I mean "journey," literally. His trip this week from Finland to Pittsburgh in order to join the Penguins for their expanded playoff roster was a four-day ordeal with a couple of failed attempts along the way.

"It was Wednesday, everything was supposed to be alright," Larmi told me of his trip after finally arriving in Pittsburgh. "I wasn't even thinking that they wouldn't let me go, I just went to the airport. You can travel to the U.S. from Finland, there are a couple of different visas, residents and something like that. But my visa wasn't on the list, I'm just not allowed to come."

Larmi explained the reason for the delay in his own way in an Instagram post that day:

Stuck in Finland, Larmi called Penguins manager of team services Jason Seidling in what was the middle of the night in Pittsburgh.

"Everyone tried to work on it, and there wasn't anything they could do. It's been a long travel for (Seidling) as well," he laughed.

Larmi's next flight was booked for two days later, on Friday. Larmi isn't 100 percent sure what happened with the situation in those two days, but the NHL had to look into the issue, there was some emailing back-and-forth between the Penguins and Delta and U.S. Customs.

"It was the same story again," Larmi said. "The airline wasn't sure if they were able to let me go or not."

Larmi's third attempt at a flight was the following morning, so he stayed in a nearby hotel overnight, and he showed up the next morning prepared.

"I had tons of new papers, all the emails that the organization has with Delta, and it says on the email that I'm allowed to go," Larmi said. "I didn't even know what was going on anymore, I just hoped for the best. Then I finally made it."

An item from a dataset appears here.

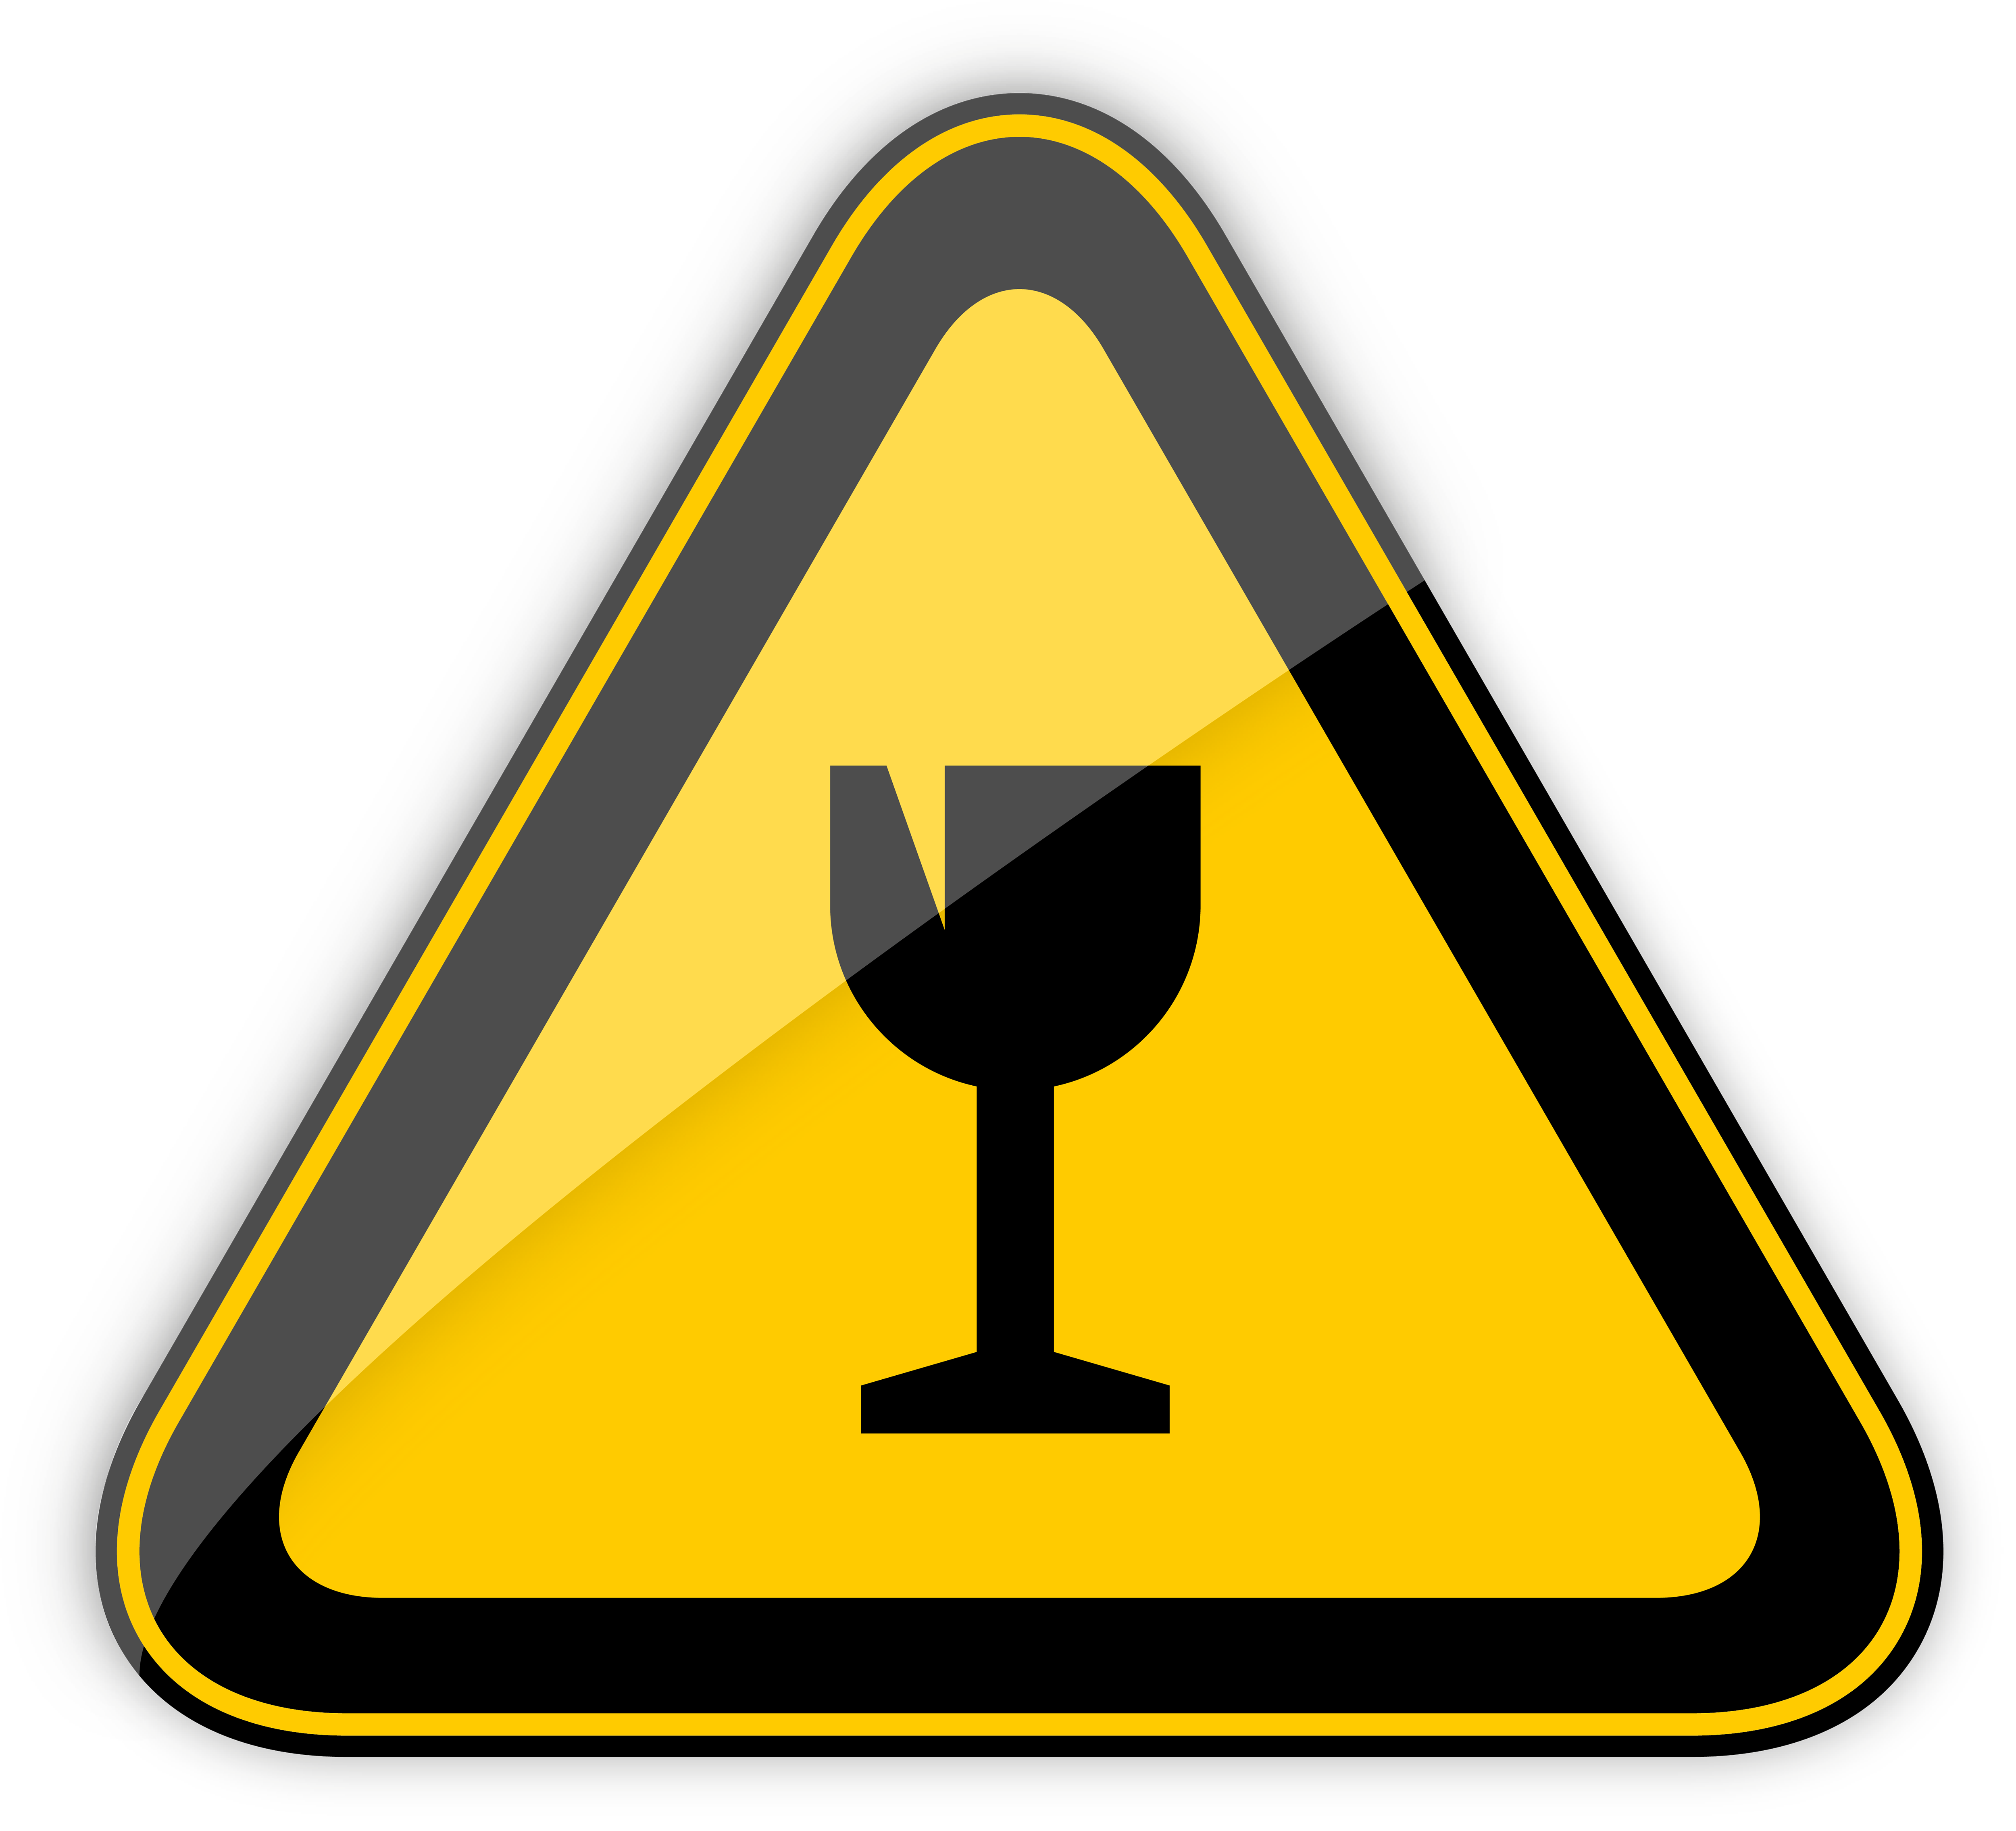 transparent stock Fragile sign png best. Caution clipart warning light

Larmi had already had his share of ups and downs with air travel this season. He came to the United States early before training camp, and was training with Casey DeSmith and Tristan Jarry in New Hampshire. On the day they were supposed to fly back to Pittsburgh, Jarry drove himself and Larmi to the airport, with both parties assuming they were flying out of the same airport. They were not.

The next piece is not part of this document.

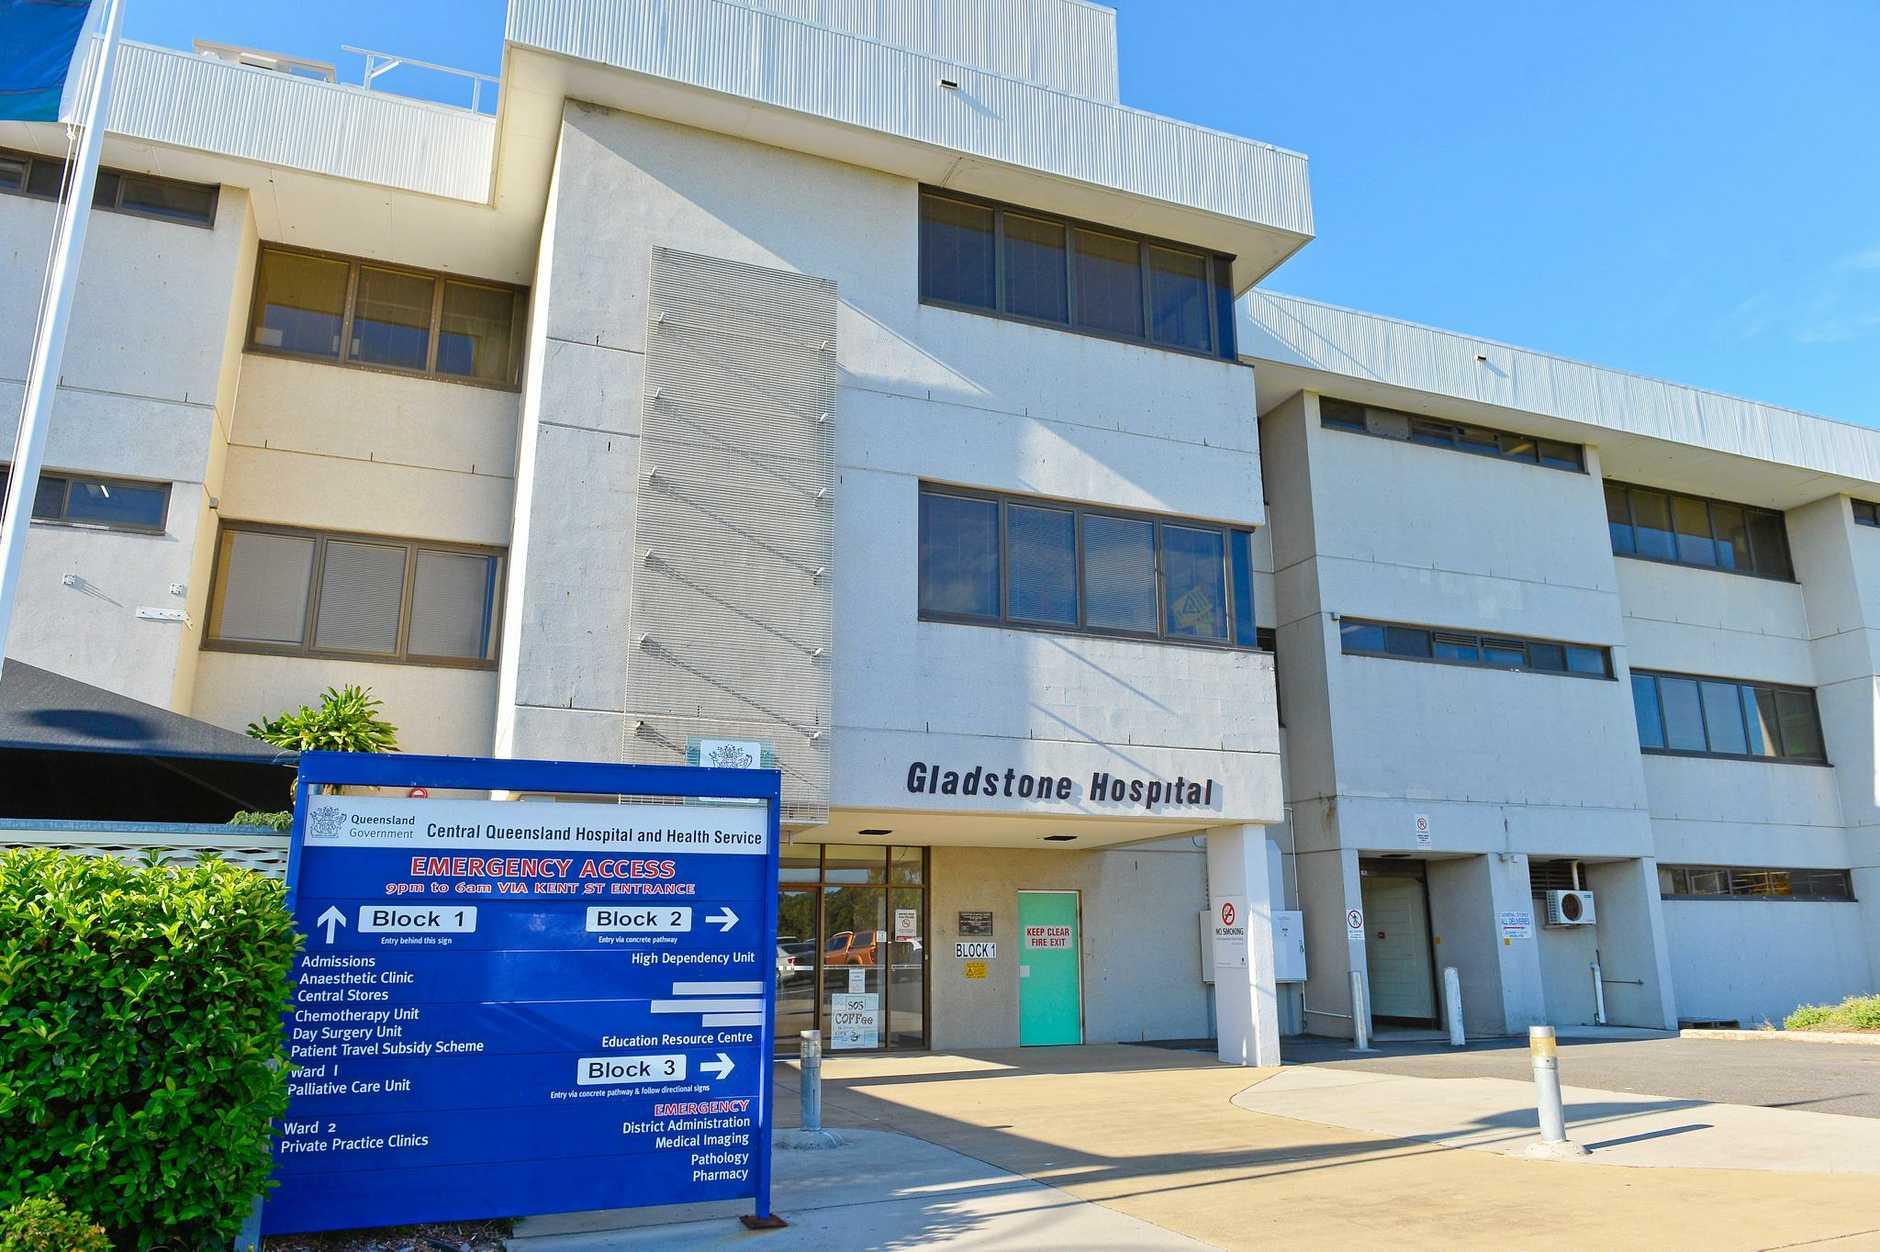 Gladstone hospital January 19, 2017

“That was Jarry’s fault,” Larmi laughed when telling me the story that training camp. “We got to the airport and looked at our flights, his was departing from Boston and mine was departing from Manchester. I took an Uber and made it.”

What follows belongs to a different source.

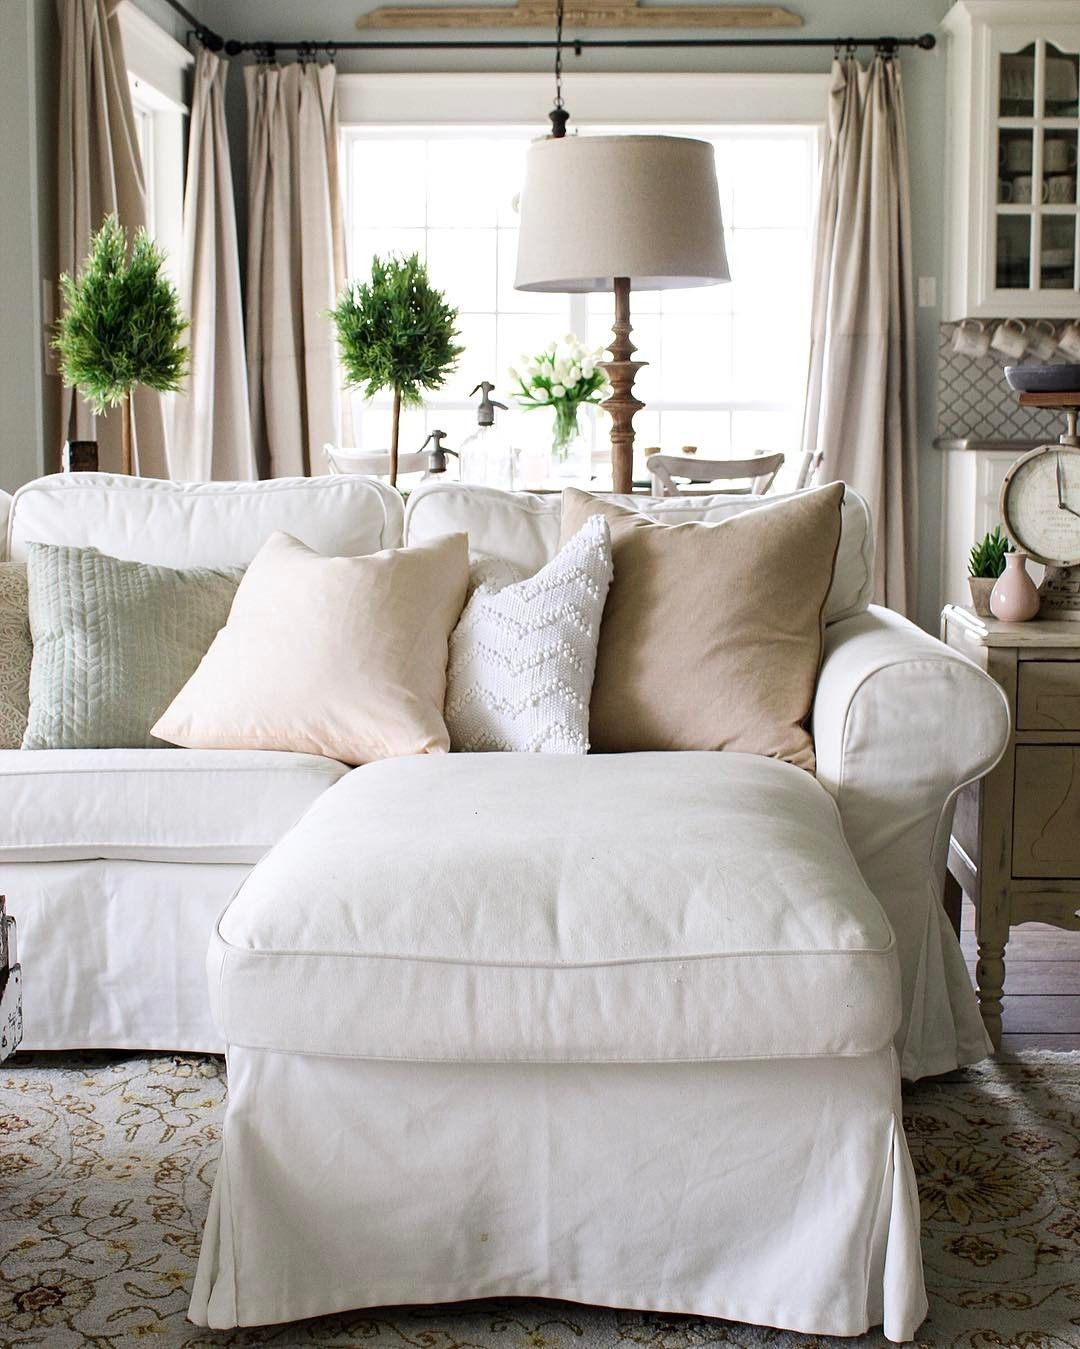 Wohnzimmer bauernhaus wohnzimmer bauernhaus chic wohnräume schonbezüge innere haus cottage living beautiful living rooms

Then, in January, Larmi was recalled from Wheeling to Pittsburgh to back up Matt Murray in Montreal after DeSmith misplaced his passport. Larmi didn't have to play, but he got a nice trip to Montreal and an NHL paycheck for the day.

“It was a bit different,” he told me back in January of his one-day stint in the NHL. “One day I’m riding the bus, then next I’m on a first-class plane. Then I’m at the Bell Centre, and after that I’m flying with the team on a private jet. The hotel was nice as well, I wasn’t complaining about that.”

Larmi joked that DeSmith's misplaced passport might have been what was causing the problems trying to get back into the country this time around.

"Maybe the problem was that I was trying to use Casey's passport," he laughed.

Now that Larmi is finally in Pittsburgh, he is going to quarantine for 14 days in his hotel before getting back on the ice with Penguins players for their voluntary skates. He's looking forward to the small-group, informal setting of the skates.

"That's weird," he said of the informal skates. "Of course I've skated with a couple of guys, but when we aren't able to see any groups except the one we're with, that'll be weird. At least I'm going to be the only goalie on the ice. I'll get a lot of shots. It might be a good thing as well. It's weird, but it is what it is."

Larmi hasn't been on the ice at all since the season shut down in March, but has been able to keep up with his usual off-ice summer workouts. It hasn't been entirely unlike a typical offseason.

"I'm feeling good," he said. "It's a long time (off the ice), but that's usual. For example, last summer, well ... I can't even remember. Last summer is way too far away. But it's normal to be months without being on the ice. It's been like ... three months already? That's a long time. I probably can't play hockey anymore. We'll see."

(He's joking.)

During this break, goaltending development coach Andy Chiodo has been checking in with each of the Penguins' goalie prospects on a weekly basis over video chats, and Larmi has been able to go over his game films with Chiodo.

"We went through the last season and went through what he wants me to do over the summer and next year," Larmi said of Chiodo. "We see what's going on with my game, what I can do better, things like that."

For now, Larmi's focus turns to his role as a Black Ace on the Penguins' expanded playoff roster.

Larmi has championship experience under his belt already. He led his club HPK to a Liiga championship in 2019, and he won a World Junior Championship with Finland in 2016. This will be his first postseason experience of any kind in North America, and he's hoping to be able to grow from the experience as a Black Ace.

"It's the first time for me, so I don't really know how it is," he said. "For me it's just about trying to get better every single day, and be ready in case something happens, because you never know. But I'm focusing on just trying to get better day after day. That's my plan."

The travel mishaps and experience being a Black Ace during what is set to be the weirdest Stanley Cup playoffs in awhile will be a fitting end to Larmi's whirlwind rookie season in North America.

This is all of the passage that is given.